English tattoo artist

Louis Molloy (born 1963) is a British tattoo artist. He is best known for designing David Beckham's tattoo. He also appeared on the tattoo reality television show London Ink.
== Biography ==
Louis Molloy first began tattooing in the 1970s despite the fact that at the time no apprenticeships were available to him due to the seedy sub-culture that tattooing was viewed as. Molloy spent most of his later teenage years honing his skills, and was only 18 when he opened his first, Manchester-based tattoo shop, which in the next decade would become a world class establishment.

He designed David Beckham's back tattoo, depicting a bald, winged, angelic figure.

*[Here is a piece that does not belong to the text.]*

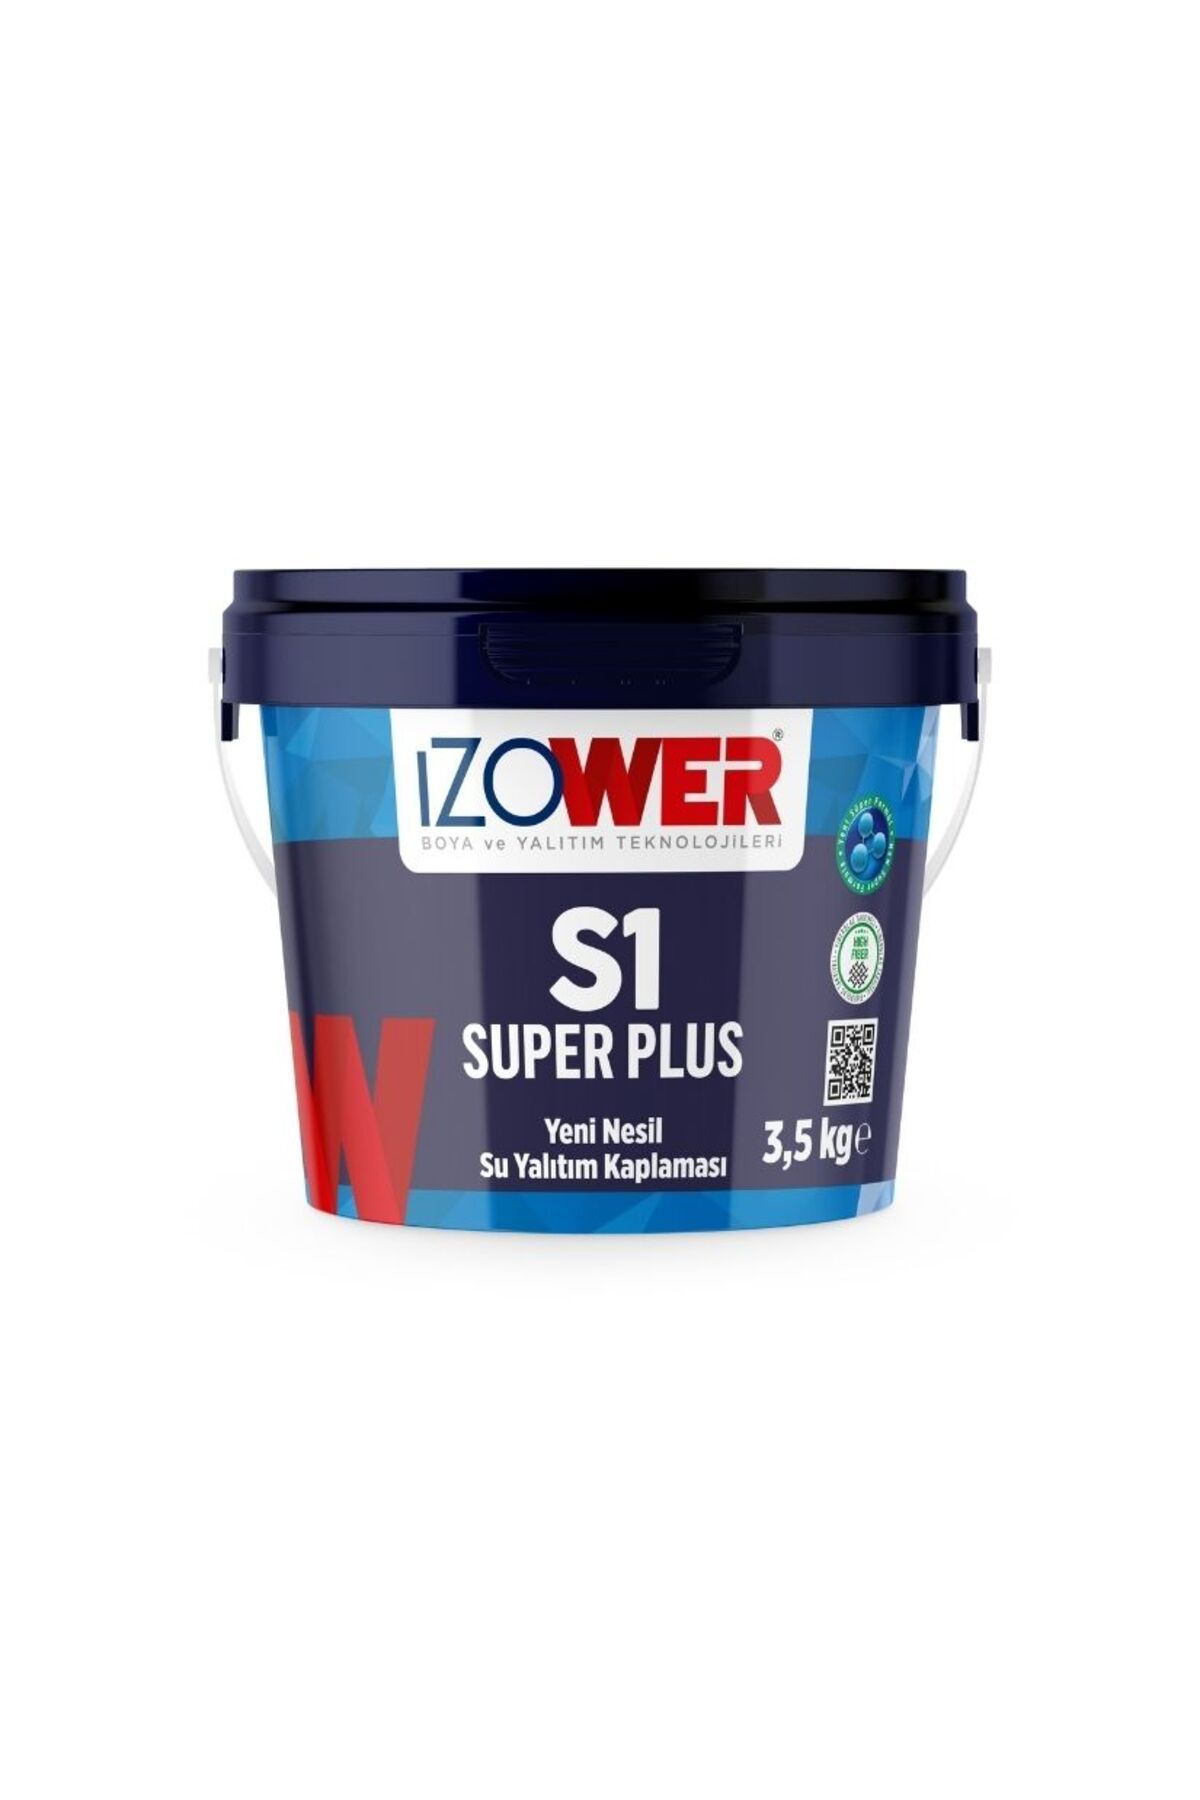 izower S1 Süper Plus Su Yalıtım Kaplaması- Kiremit Rengi- 3.5 Kg

Beckham calls the tattoo his "guardian angel" and premiered it in 1999 after work finished in April that year.

He has since completed tattoos on other celebrities, including Spice Girls Melanie C, Mel B, and Victoria Beckham, all members of Boyzone, and fellow Mancunian Ricky Hatton.

He has been recognised twice with UK Outstanding Artist of the Year awards.

In 2007, he became a part of the Discovery Channel's television team with the programme London Ink. The show follows the daily happenings at the new shop, in the first series the main focus was on the relationship between Dan Gold and Molloy.